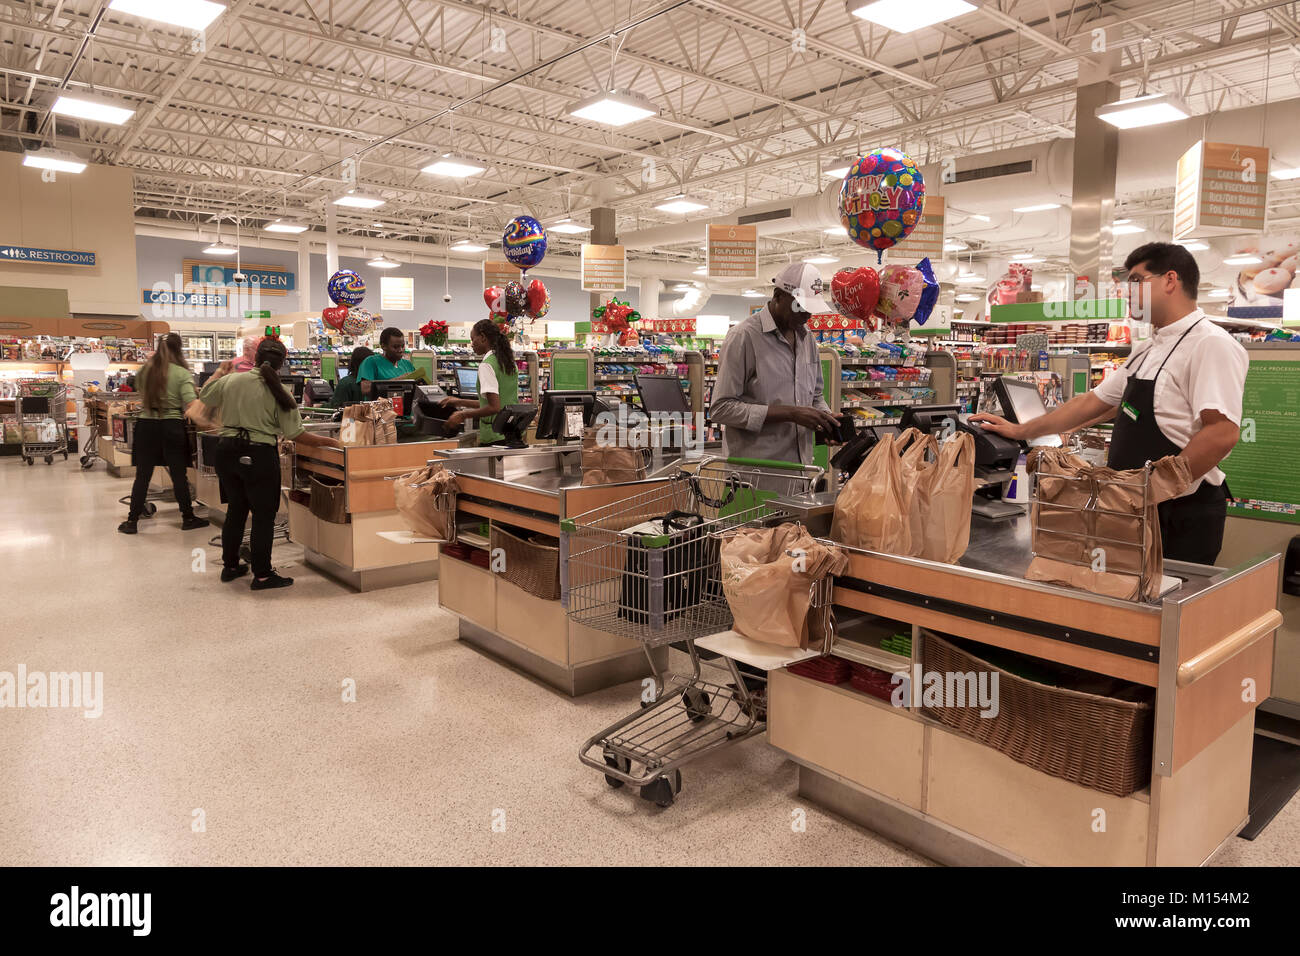 Caisses de supermarché Publix shoppers entretien en Floride, États-Unis. Banque D'Images
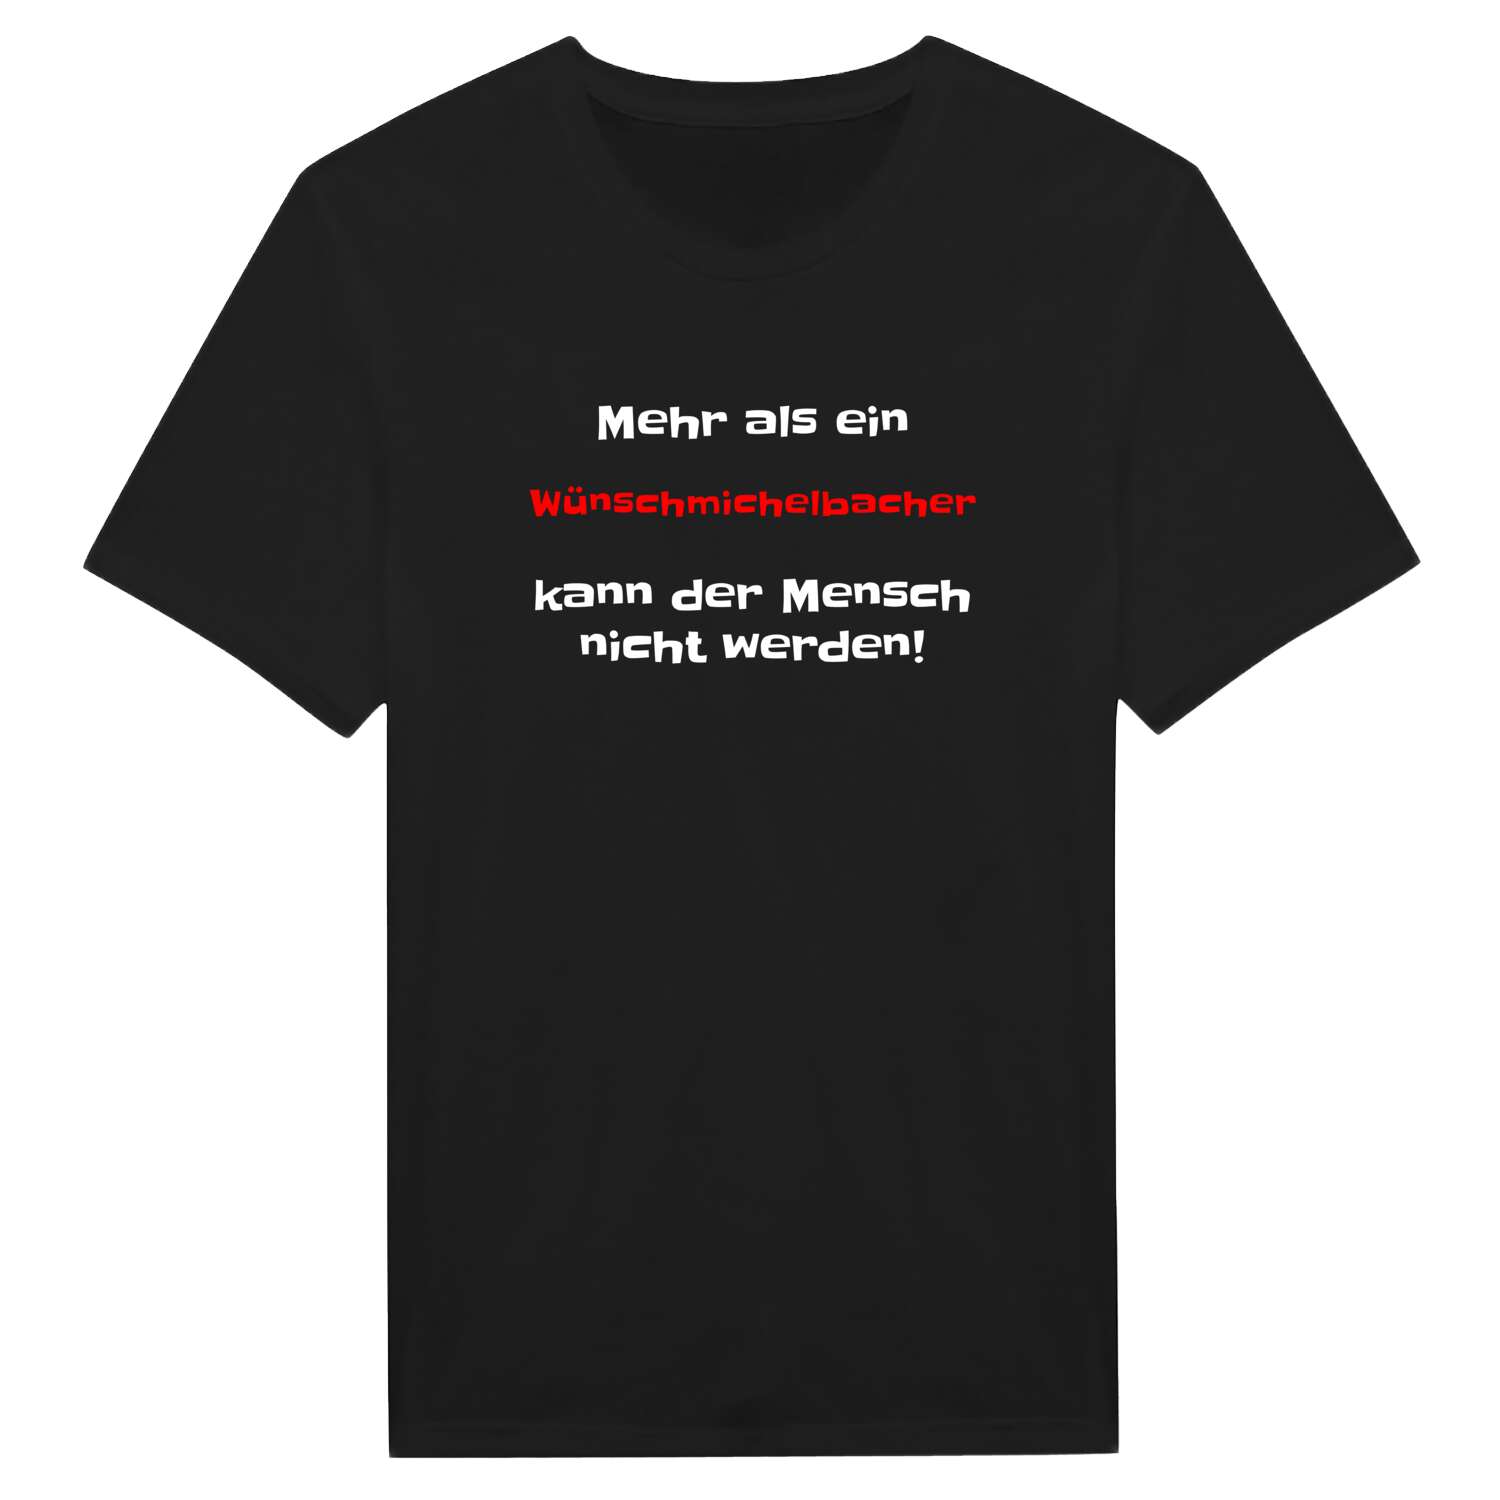 Wünschmichelbach T-Shirt »Mehr als ein«
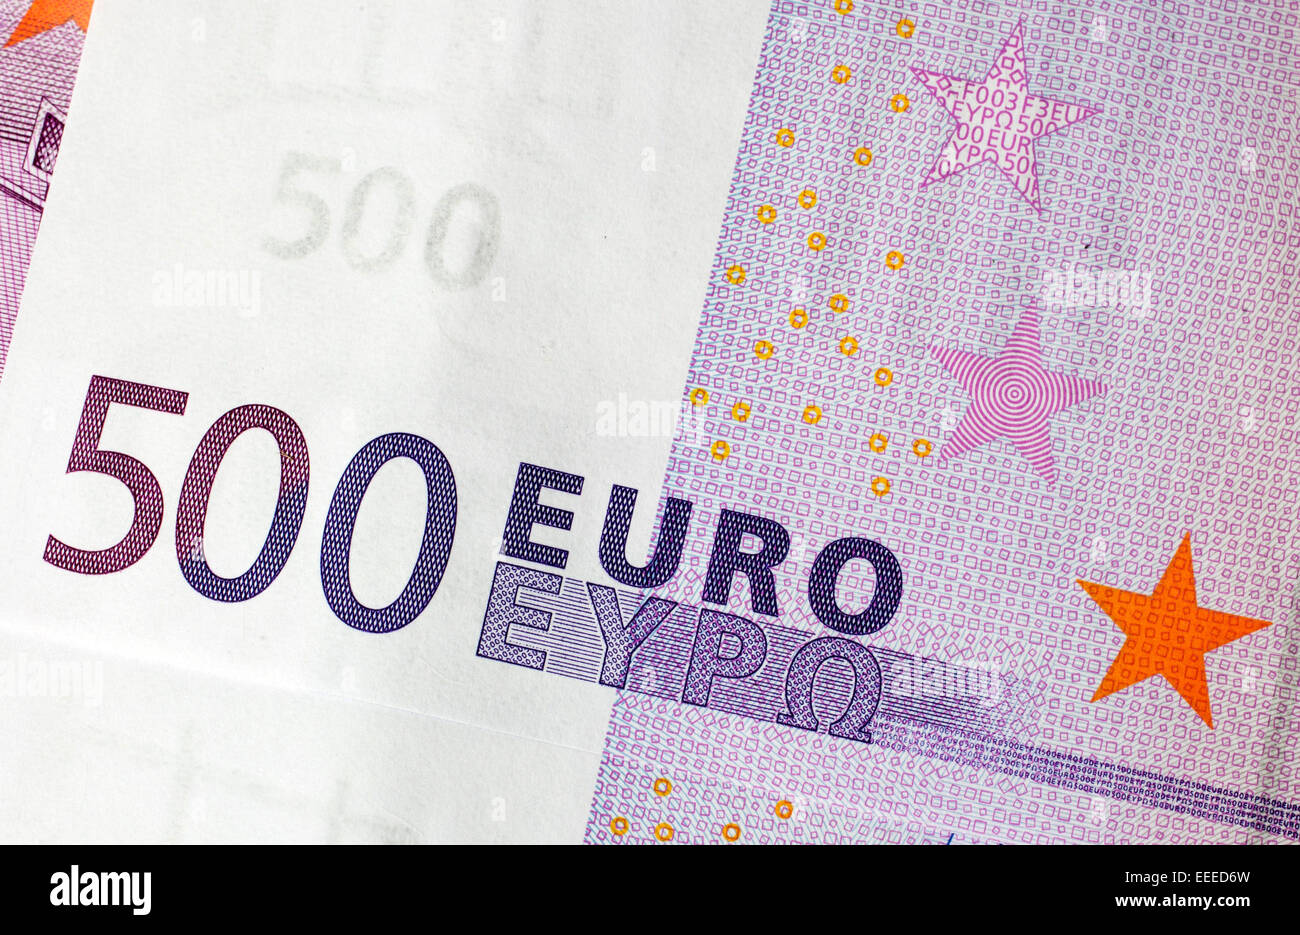 500 Euro banknotes, 08.January 2015 Stock Photo
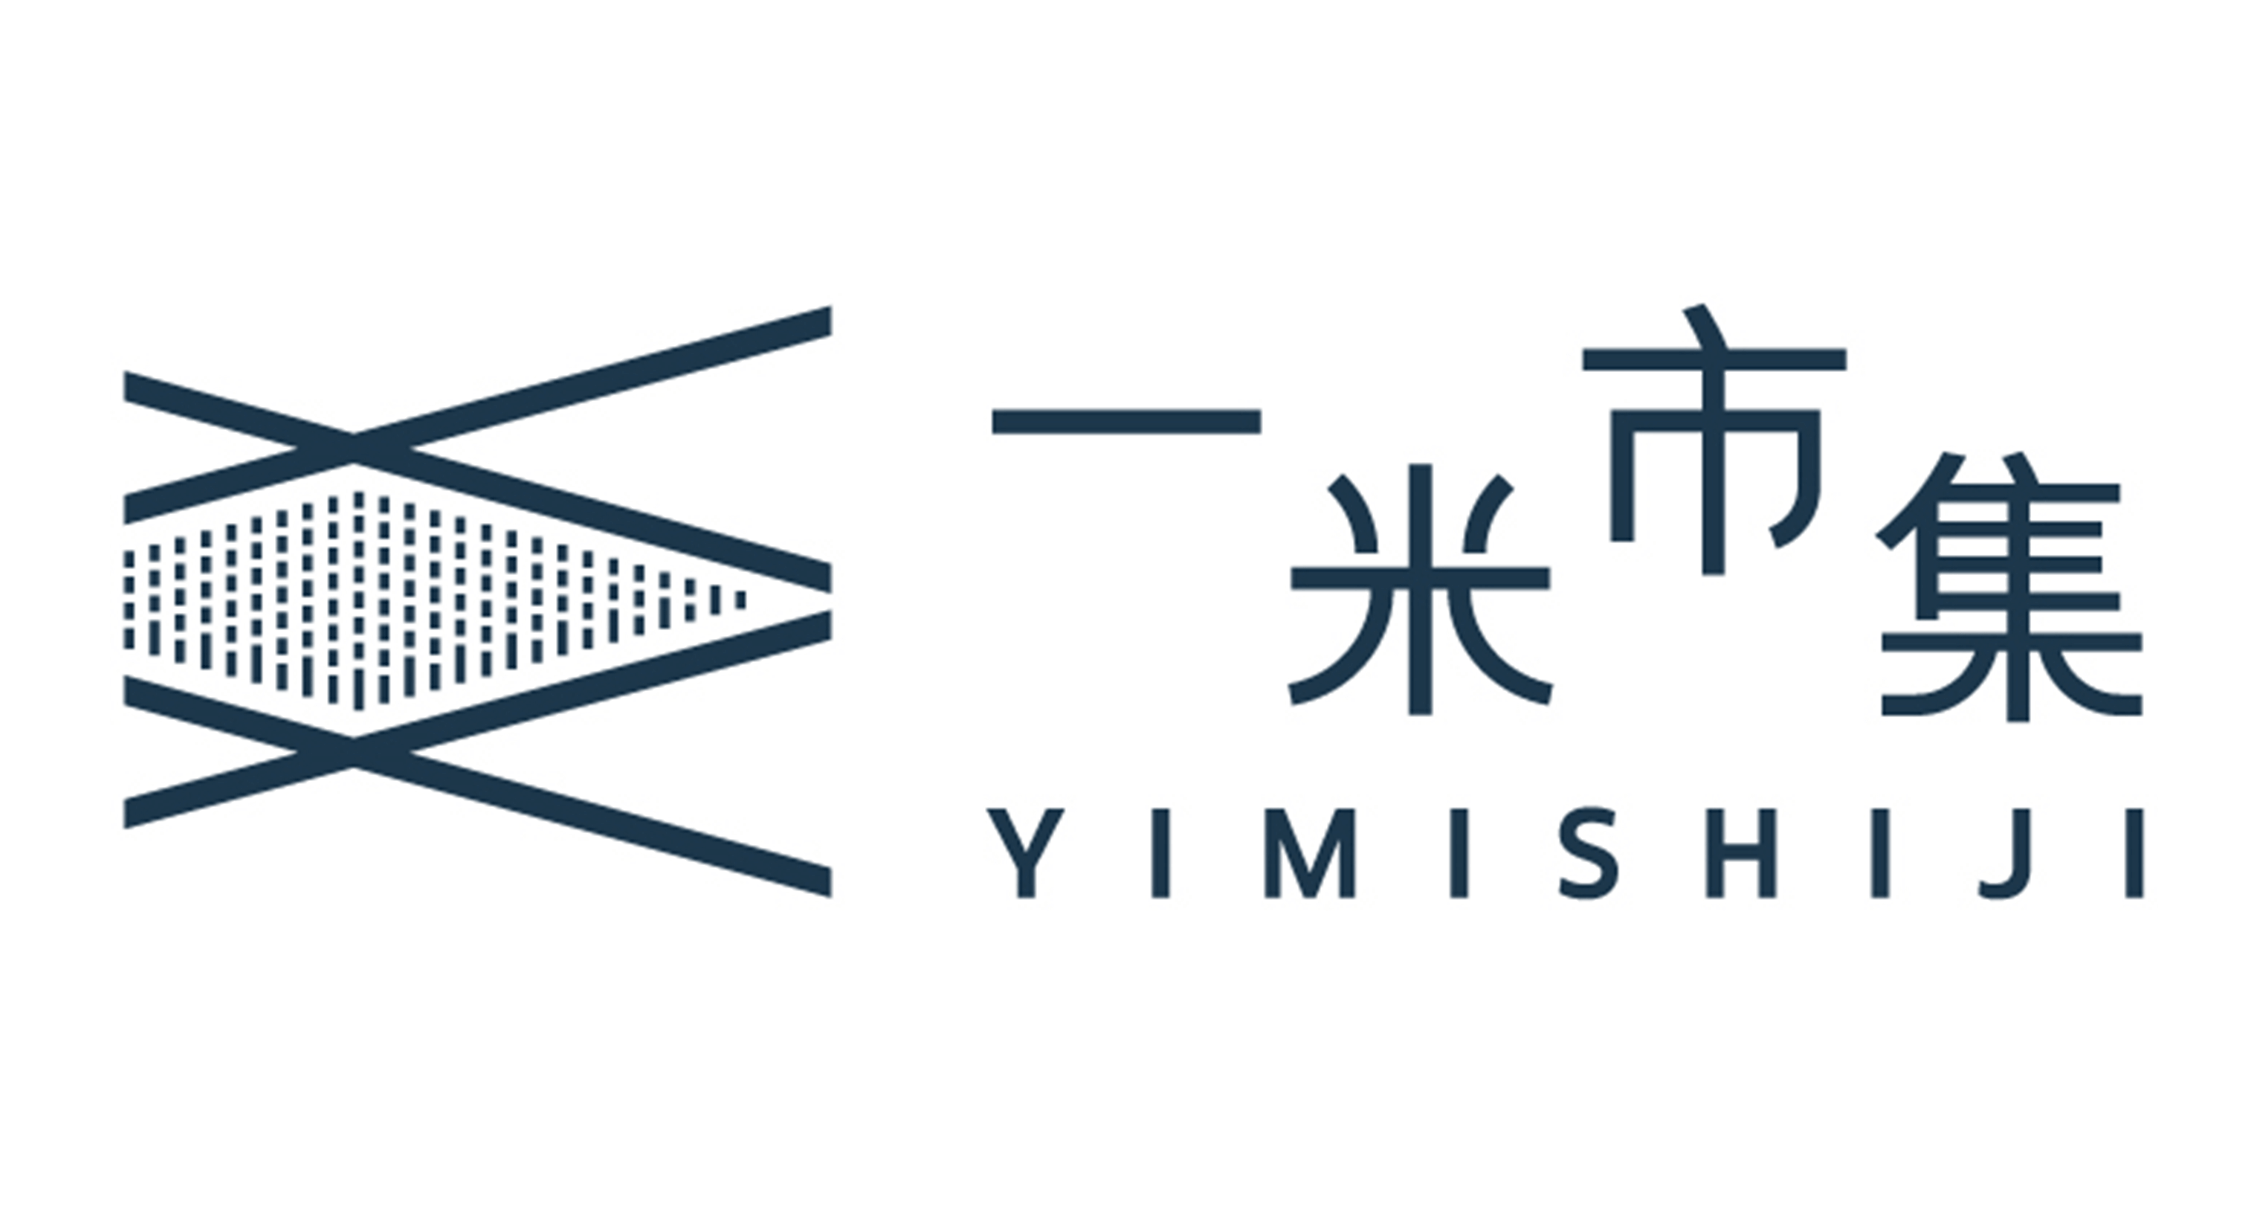 一米市集 Yimishiji
+ + + + + + +
TASK GOAL
Return every line above exactly, omitting images.

EXERCISE OUTPUT
 Caisses de supermarché Publix shoppers entretien en Floride, États-Unis. Banque D'Images
 Wünschmichelbach T-Shirt »Mehr als ein«
 500 Euro banknotes, 08.January 2015 Stock Photo
 一米市集 Yimishiji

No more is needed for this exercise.